Last year, I wrote that, when growing ginger in the home garden, you should wait to harvest until after the leaves die back in the autumn. Now I’m not so sure that’s true.
This data isn’t actually from my own garden (although I am eating the result!). It all started when Mark’s mom cut up one rhizome to grow in a corner of a garden bed for my sake. “Harvest whenever you want,” she said.
When Mark and I dropped by at the end of September, the ginger plants still seemed to be growing so I decided to wait. But between then and the end of October, a light frost killed back all of the plants except one.
The ginger that kept its top turned out to be at its peak and made delectable pickled ginger. The plants that had died back came out of the ground with tougher skins (like what you’d find in the grocery store) and several were rotting.
Since pickled ginger is my favorite use for the rhizome and the recipe demands “baby” roots, I’ll aim to harvest before the first freeze next time. For folks who store their ginger on the shelf, you’ll definitely want to wait longer so the protective outer skin will form (although not so long you get the rotting I dealt with).

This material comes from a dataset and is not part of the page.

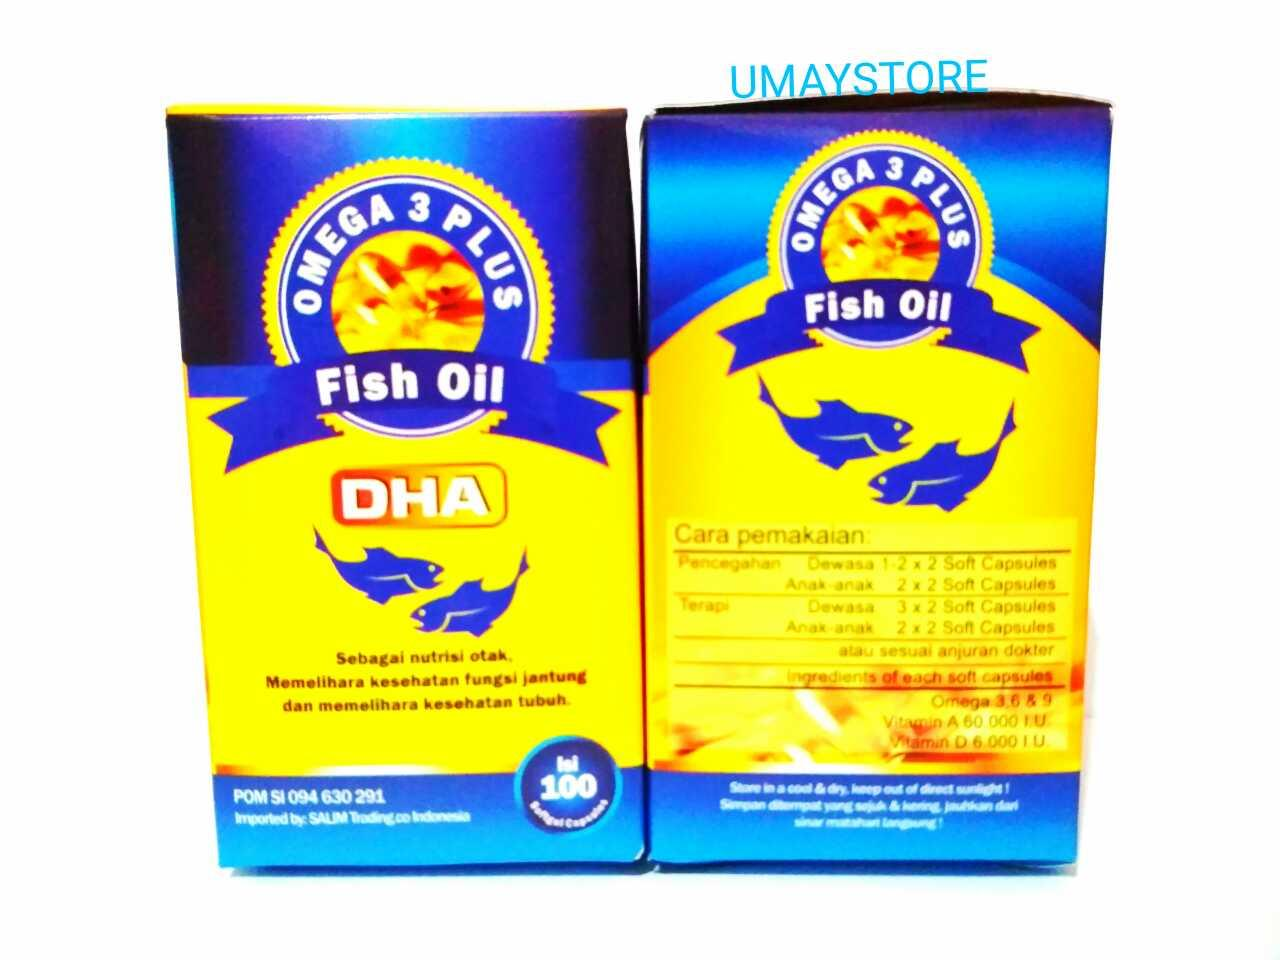 Minyak Ikan Fish Oil Omega 3 Vitamin A D Untukanak Dan Scotts Emulsion Original Dengan 400ml 2pcs Plus Dha 100 Kapsul

Not sure if that means harvesting immediately after the first freeze or before, although I suspect the trick is to start root pieces inside so the plants hit maturity before cold weather comes to call. I’d love to hear from folks who have experimented and figured the sweet spot out!
As a side note, growing ginger in a garden bed instead of in a pot definitely resulted in higher yields. And it was less finicky! So much so I might actually grow ginger myself next year rather than begging my mother-in-law to do the hard work for me.
In the meantime, I’m just enjoying my pickled ginger mixed into steamed veggies. That and hoping for more rain to boost our parched fall garden’s yields.